Key words: Callinectes danae, migration, Portunidae, population dynamics, reproduction
Introduction
Portunid crabs are an important fishery resource
worldwide (Costa & Negreiros-Fransozo 1998; Lee
& Hsu 2003; Carr et al. 2004; Stevens et al. 2008).
On western Atlantic coasts, the main portunid
species exploited is the blue crab Callinectes sapidus
Rathbun, 1896; its importance as a fishery resource
has motivated many studies (e.g. Van Engel 1958;
Millikin & Willians 1984; Hines et al. 1995; Turner
et al. 2003; Carr et al. 2004). These crabs are
intensively exploited, even out of season when soft-
shell crabs are fished (Secor et al. 2002), and the
management and protection of the stocks generally
involves the use of marine protected areas (Lipcius
et al. 2003).
In Brazilian waters, portunid crabs are exploited
principally by coastal artisanal fishing communities
(Severino-Rodrigues et al. 2001; Sforza et al. 2010)

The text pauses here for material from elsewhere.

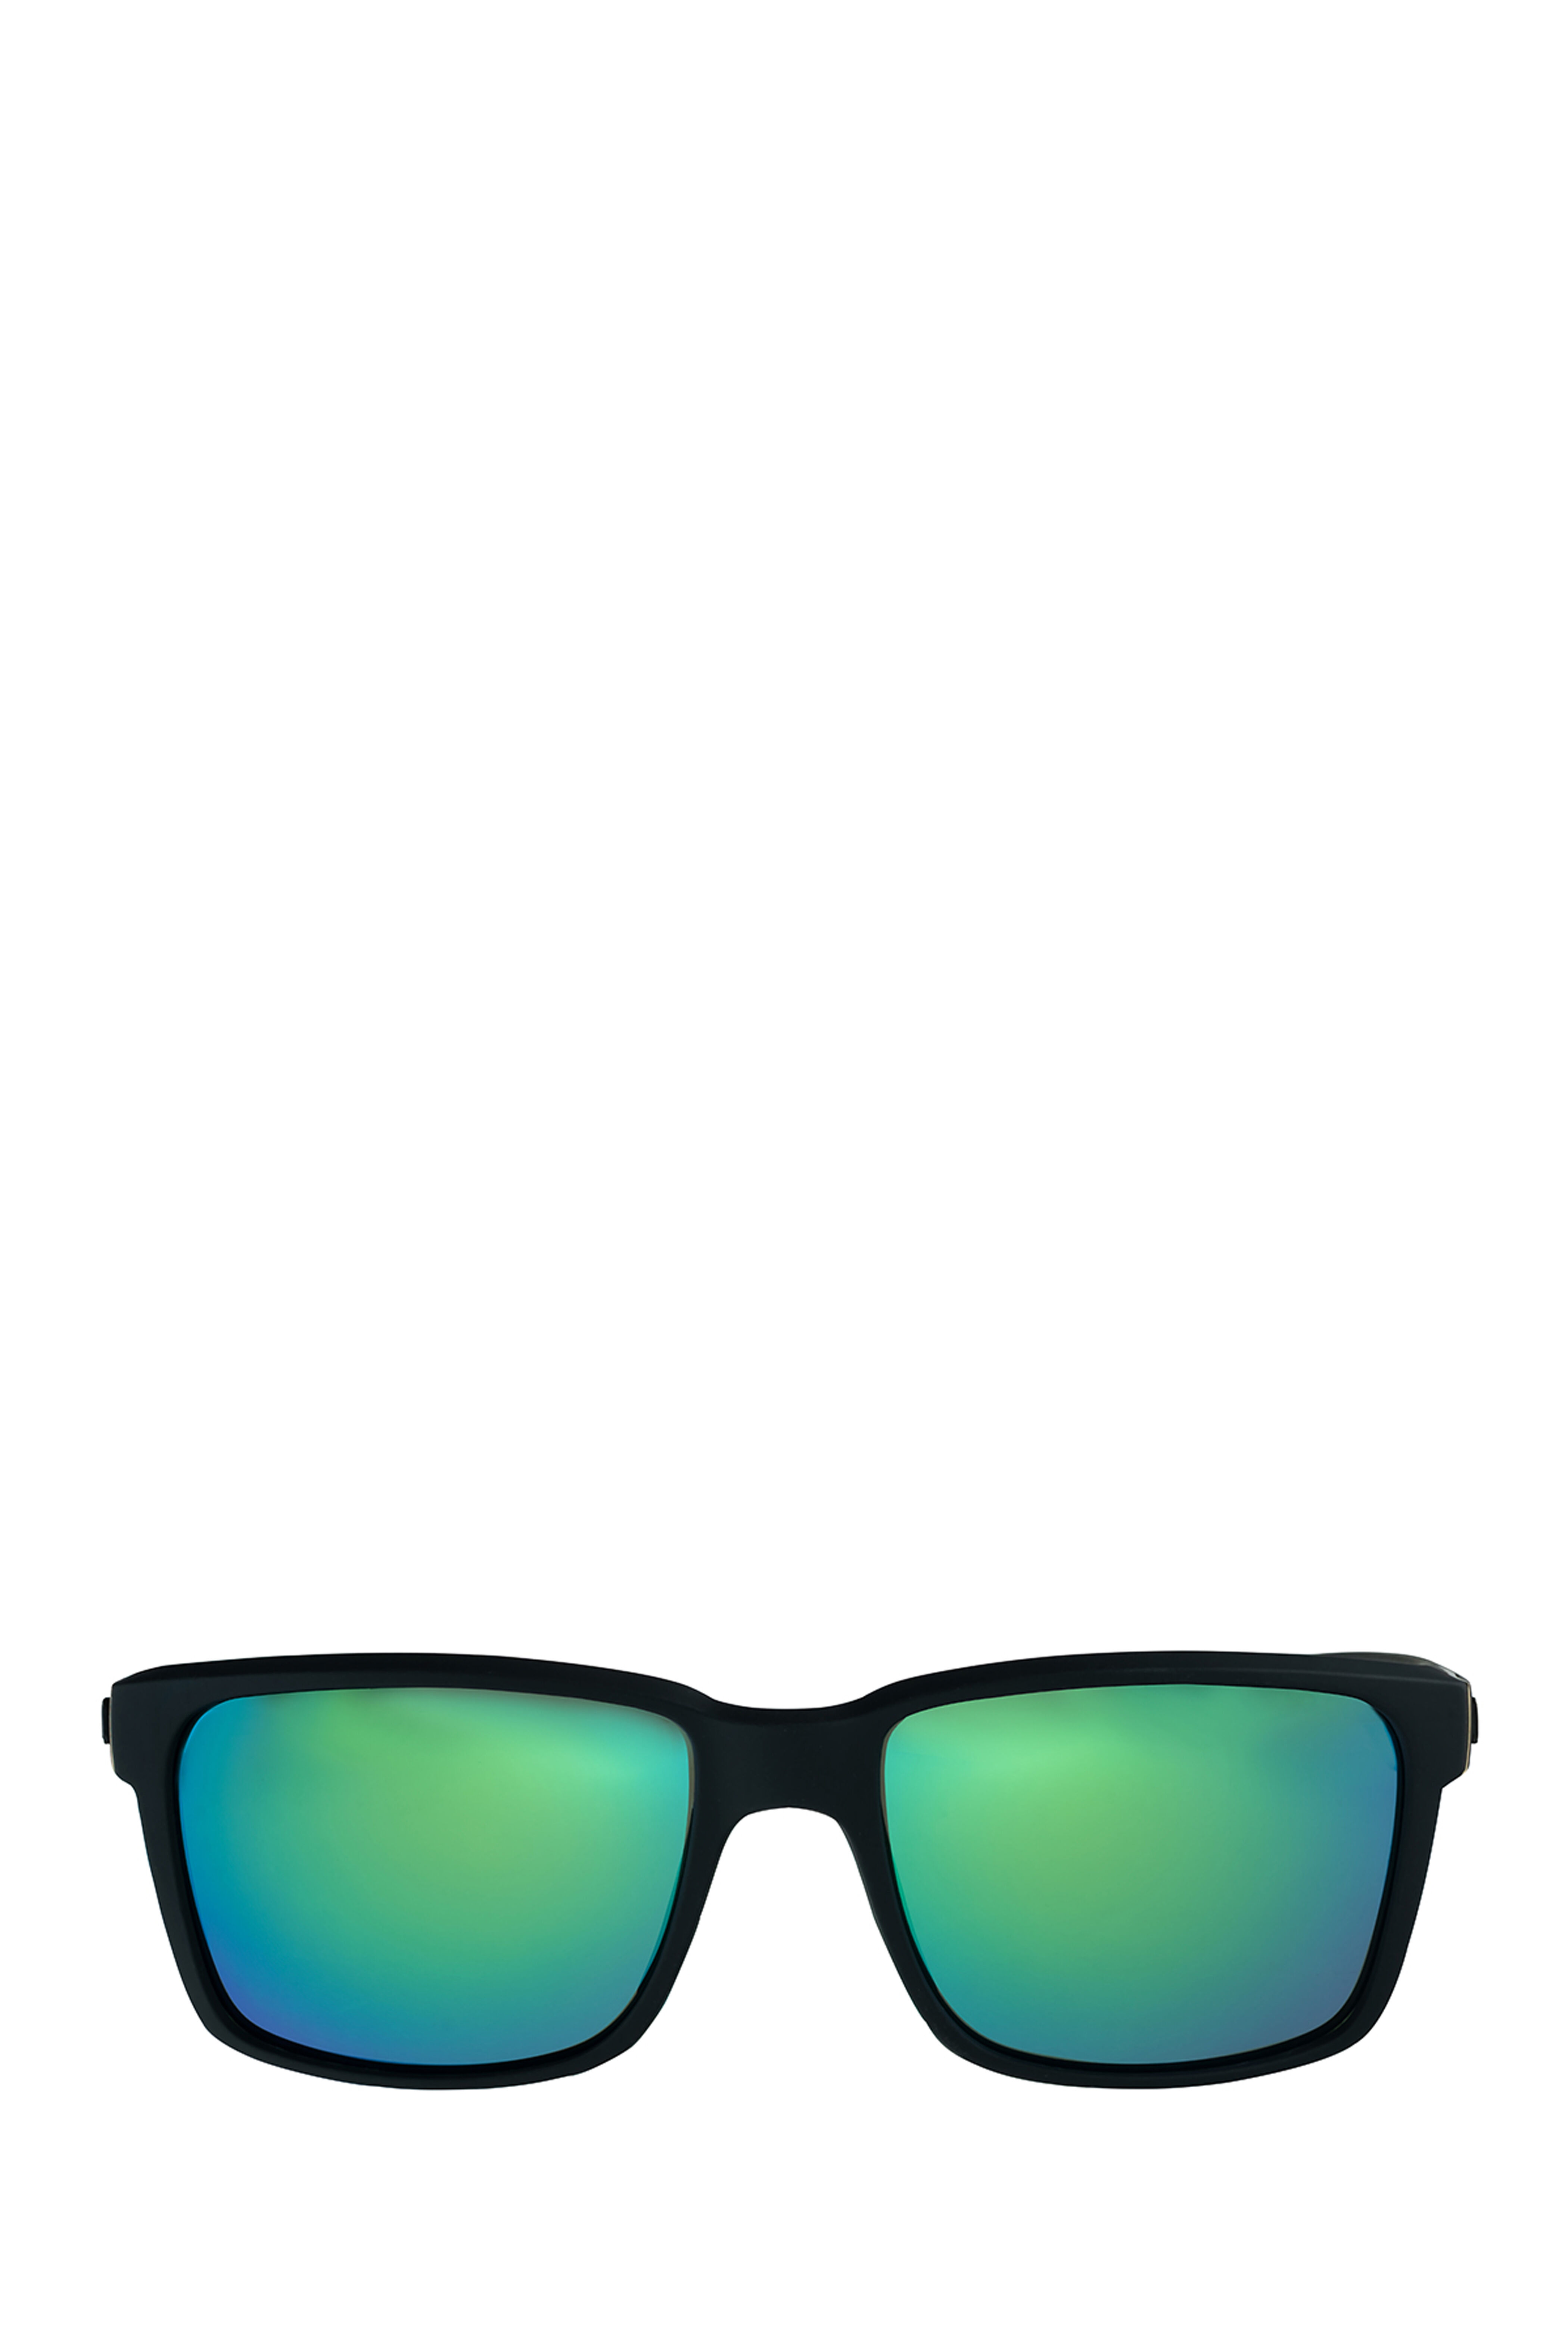 Buy Multi Sunglasses for Women by CARLTON LONDON Online | Ajio.com

or, as non-target species, by the shrimp fishery
(Loebmann & Vieira 2006; Keunecke et al. 2008).
Economically important species of portunid crabs on
the Brazilian coast include Callinectes danae Smith
1869, Callinects ornatus Ordway, 1863, and
Callinectes sapidus (Severino-Rodrigues et al. 2001;
Baptista-Metri et al. 2005; Loebmann & Vieira
2006). The relative abundance of these species varies
along the coast (Branco & Massunari 2000; Chacur
& Negreiros-Fransozo 2001; Severino-Rodrigues
et al. 2001, 2009; Baptista-Metri et al. 2005; Sforza
et al. 2010), with C. danae dominating in some areas.
However, some stocks, such as in the Santos area,
have undergone reductions (Severino-Rodrigues
et al. 2001), thus requiring studies to inform specific
public bodies to protect these populations.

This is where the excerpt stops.